The Biden administration recently announced plans to expand its booster campaign and increase access to rapid tests. On Monday, the United States will begin requiring all incoming air travelers to show proof of a negative test taken the day before departure, regardless of their vaccination status or citizenship.
On Sunday, officials also defended the government’s ban on travelers from eight countries in southern Africa. The ban has been criticized for being both unhelpful and overly punitive.

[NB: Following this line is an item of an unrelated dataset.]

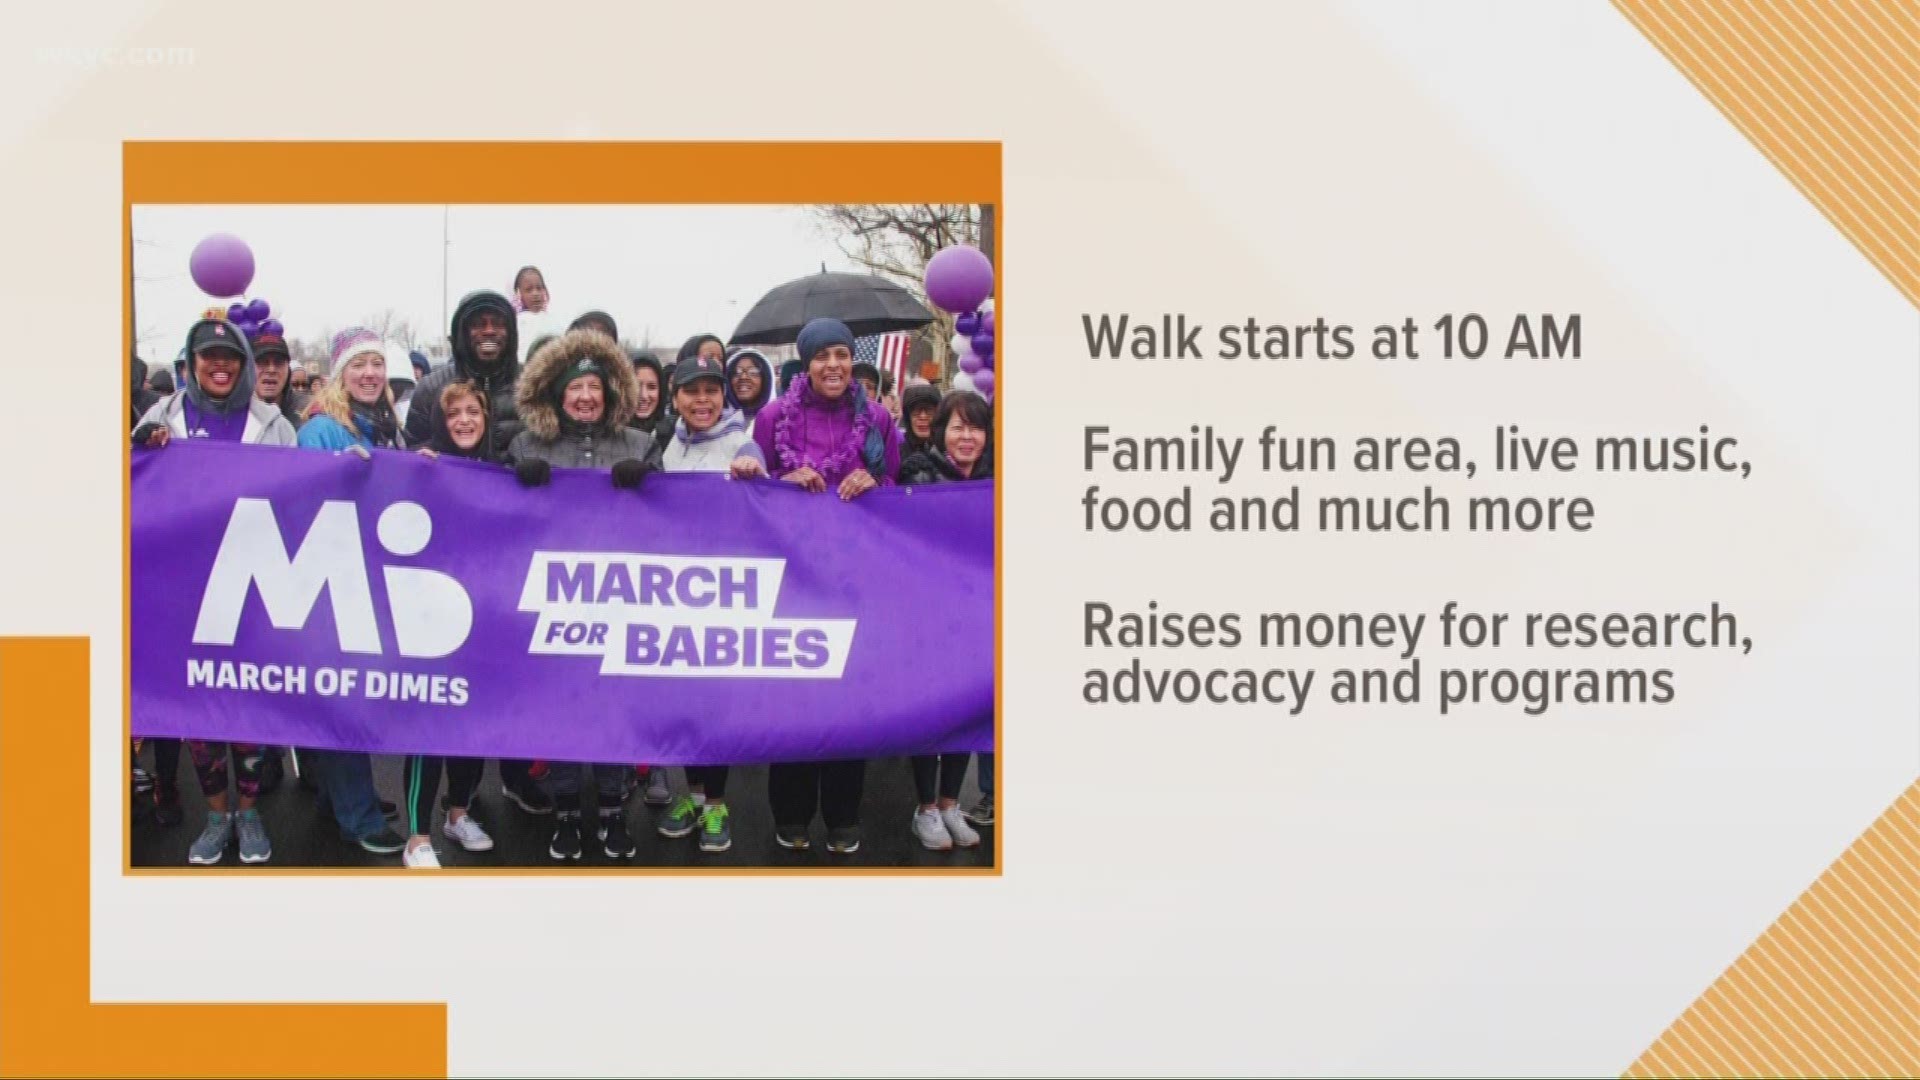 Lindsay gives us a glimpse at the March for Babies with Erin Turner of the March of Dimes.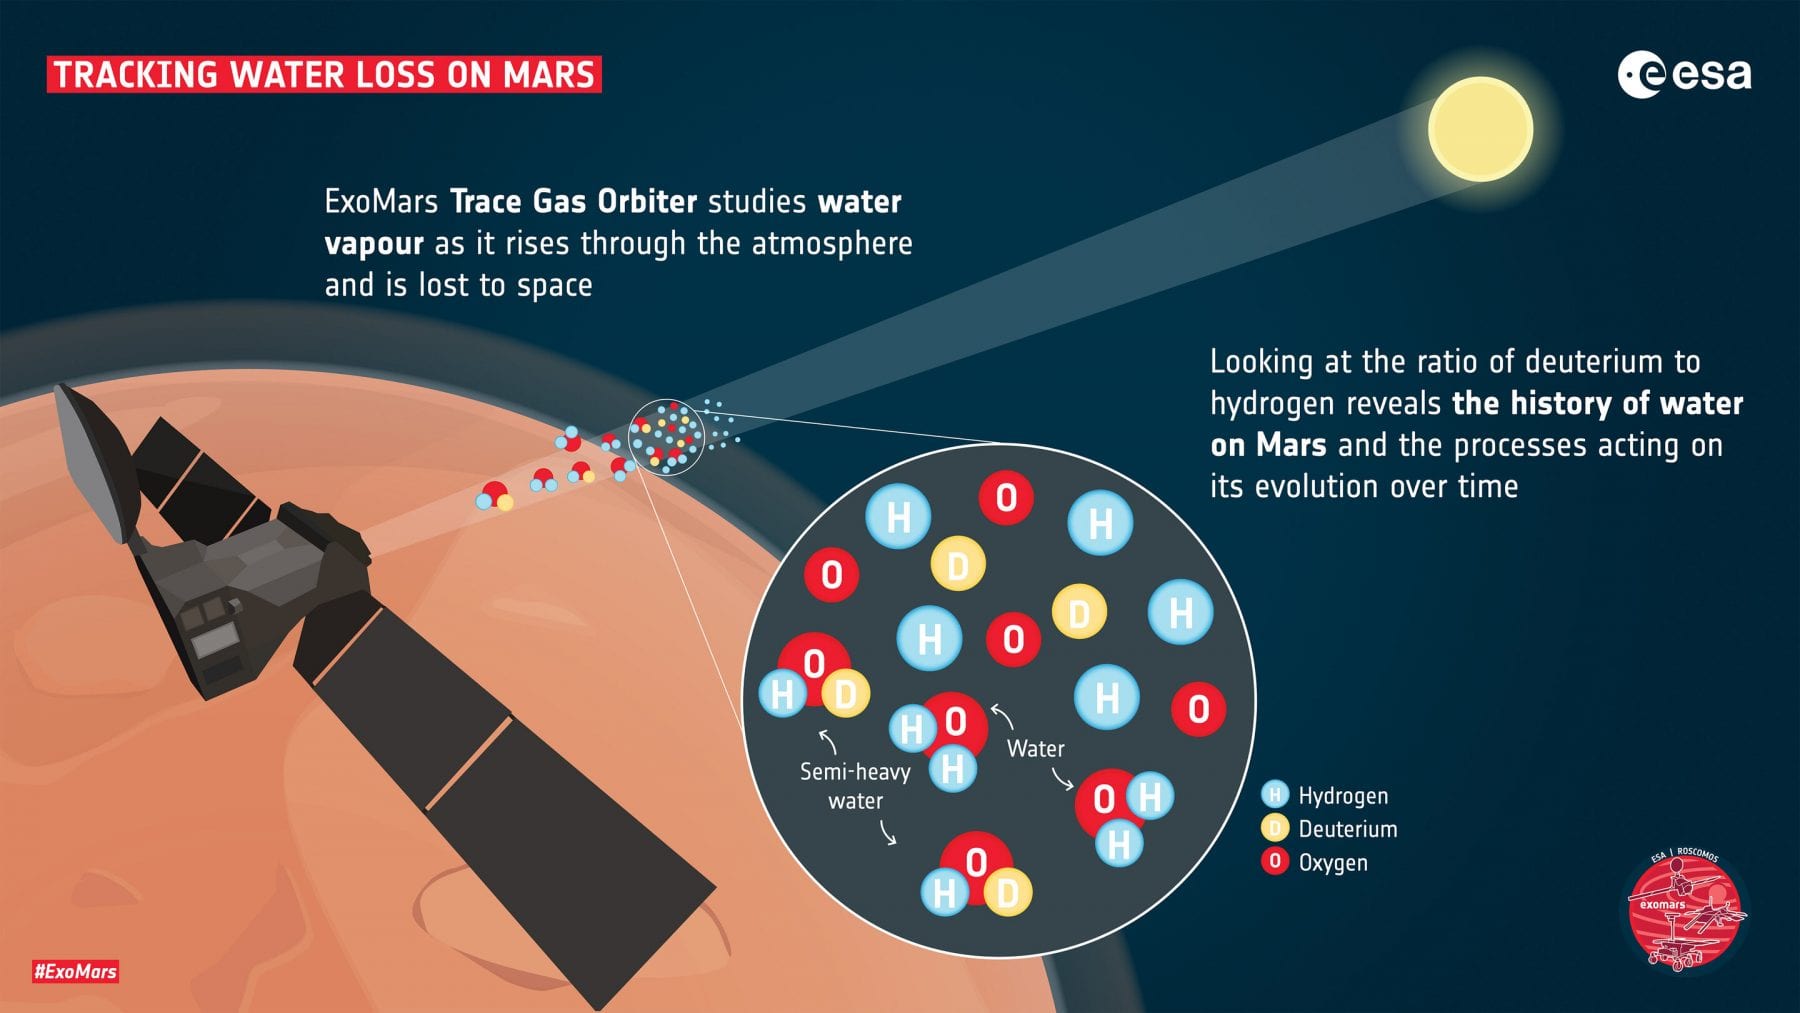 Here's how ExoMars searches for water vapor from Mars's orbit. Credit: ESA

“That ban was done at a time when we were really in the dark,” Dr. Fauci said, noting that it was intended to buy officials time to gather more information about Omicron. But now that more information is coming in from around the world, officials are frequently re-evaluating the ban, he said.
“Hopefully, we will be able to lift that ban within a quite reasonable period of time,” he said, adding that “we all feel very badly about the hardship” that it put on southern Africa.
But officials dismissed the possibility of domestic travel restrictions, noting that they would be impractical. “That would be extremely onerous for people who are trying to get around the country for things like holidays,” Dr. Francis S. Collins, the National Institutes of Health director, said on NBC’s “Meet the Press” on Sunday. “And I don’t know how much we’d gain by it.”